• _Task to complete_
When you reach the line with "同比大增75%，竹叶青新战略发布首月赢得更多中国人的青睐" in the listing below, write out that line and every one after it exactly, and skip the pictures.

• _Exercise data_
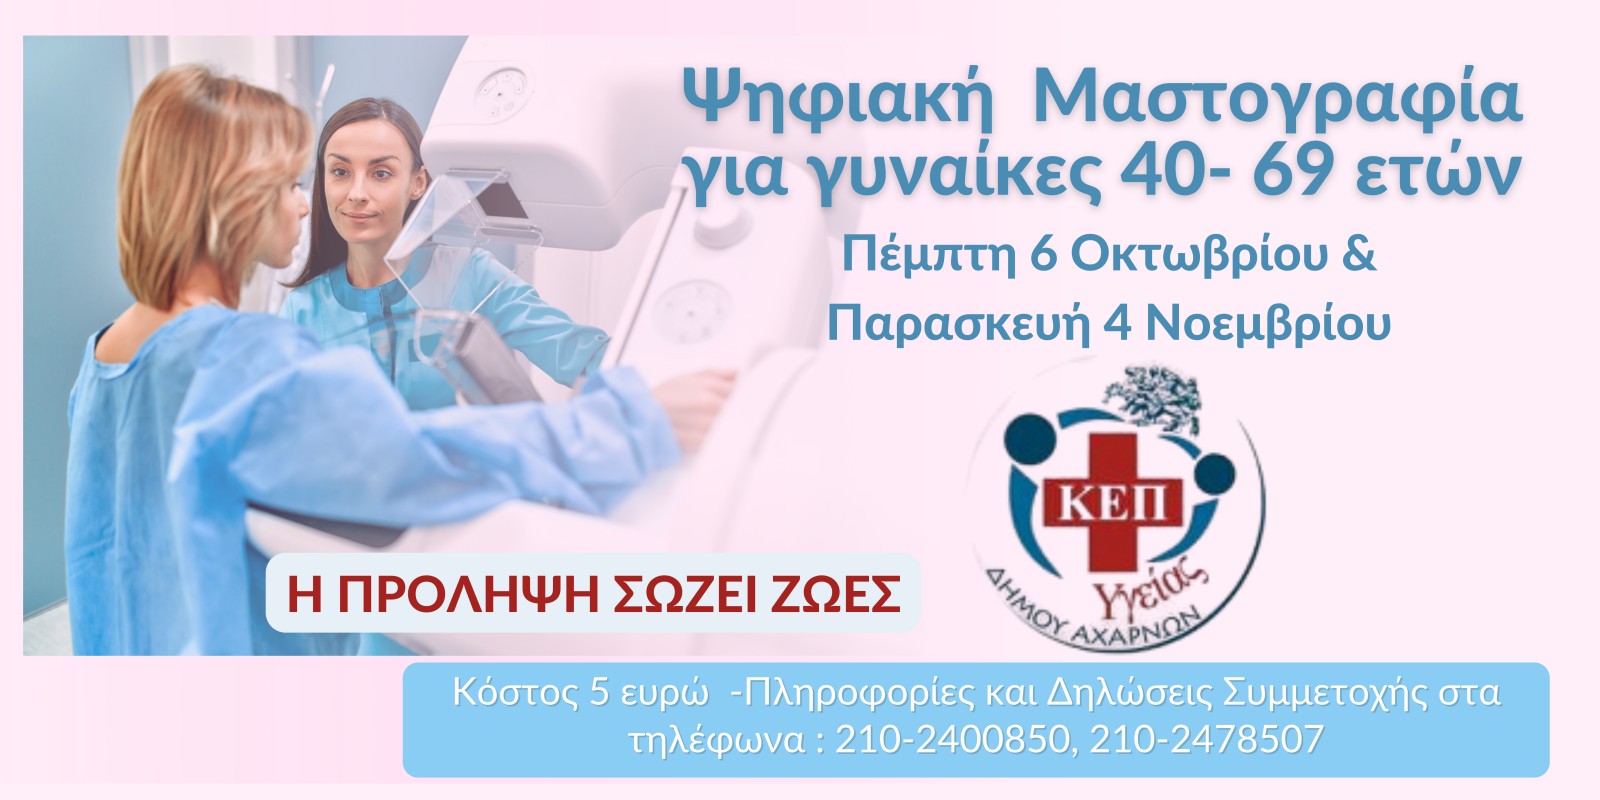 Ψηφιακή Μαστογραφία για γυναίκες 40-69 Ετών
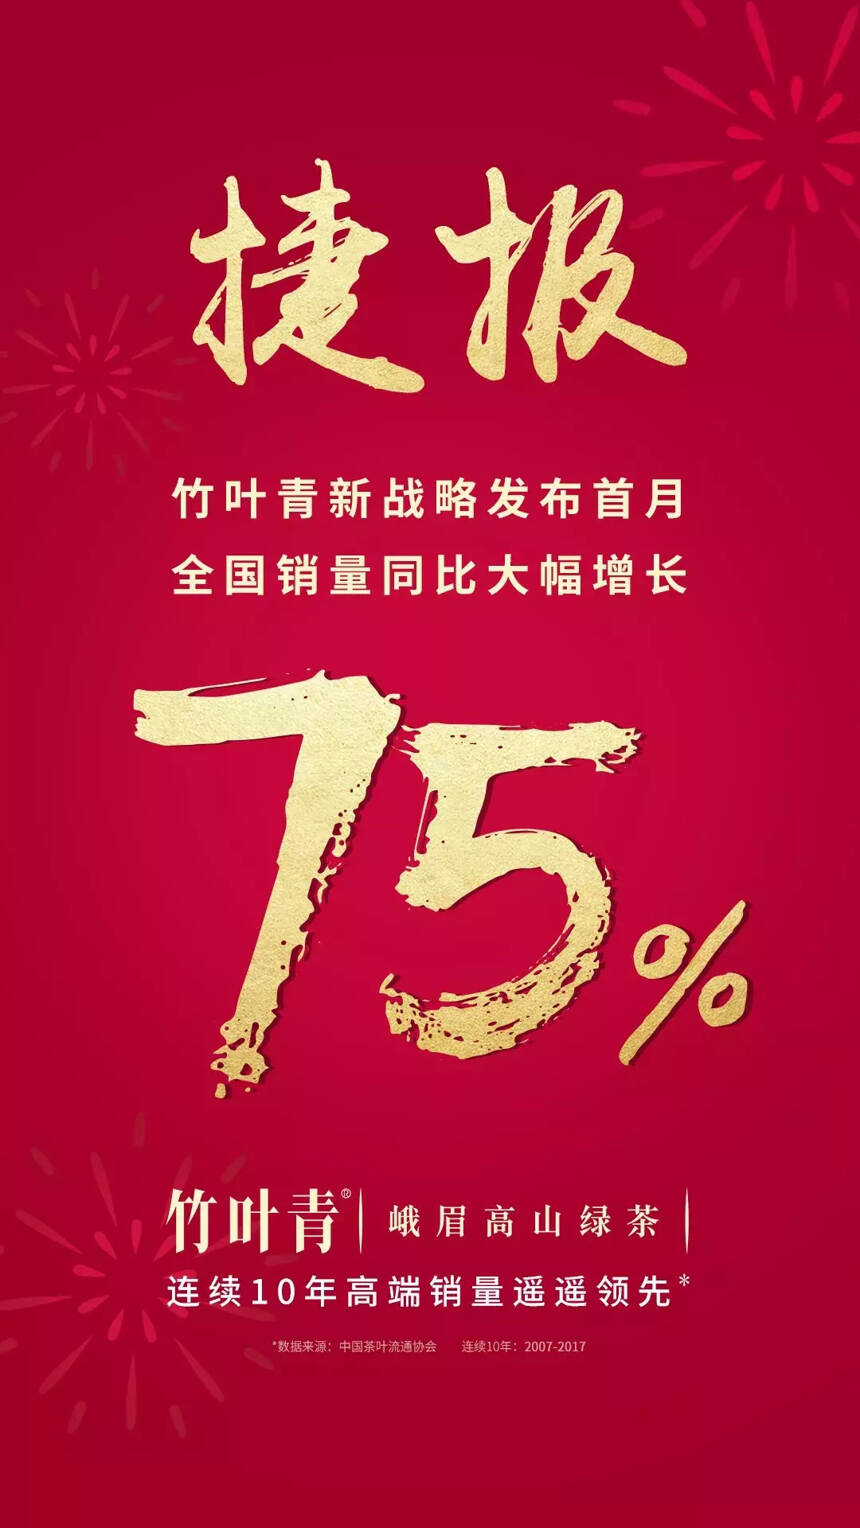 同比大增75%，竹叶青新战略发布首月赢得更多中国人的青睐
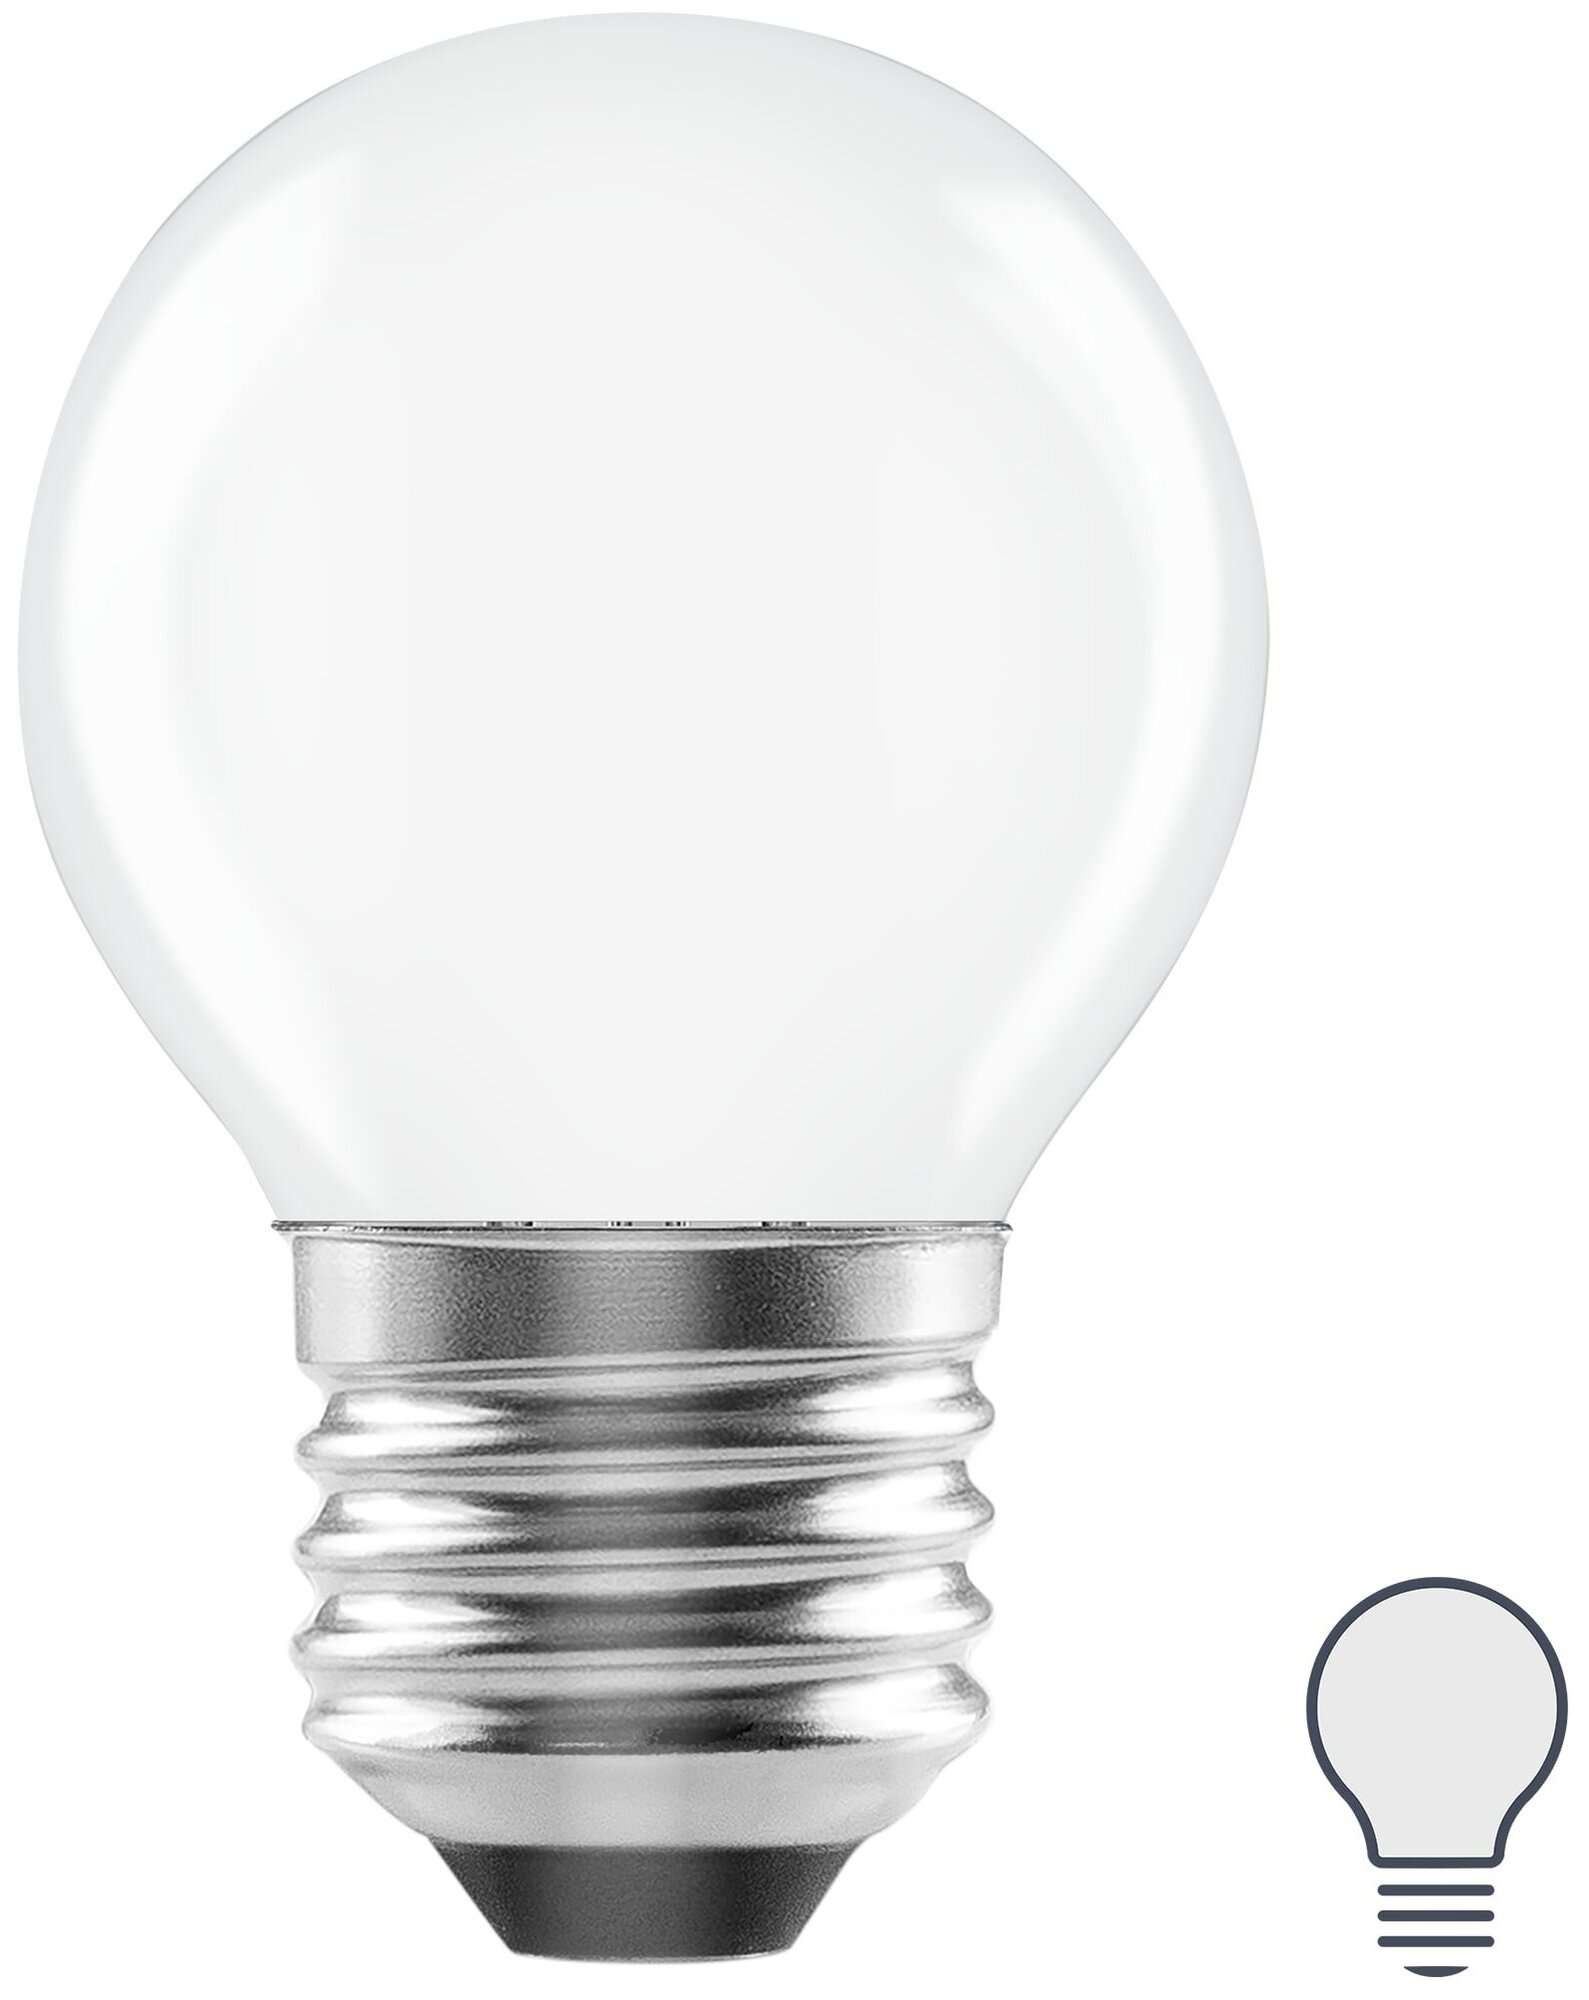 Лампа светодиодная Lexman E27 220-240 В 5 Вт шар матовая 600 лм нейтральный белый свет. Набор из 2 шт.

• _Solution to this problem_
 同比大增75%，竹叶青新战略发布首月赢得更多中国人的青睐
 Лампа светодиодная Lexman E27 220-240 В 5 Вт шар матовая 600 лм нейтральный белый свет. Набор из 2 шт.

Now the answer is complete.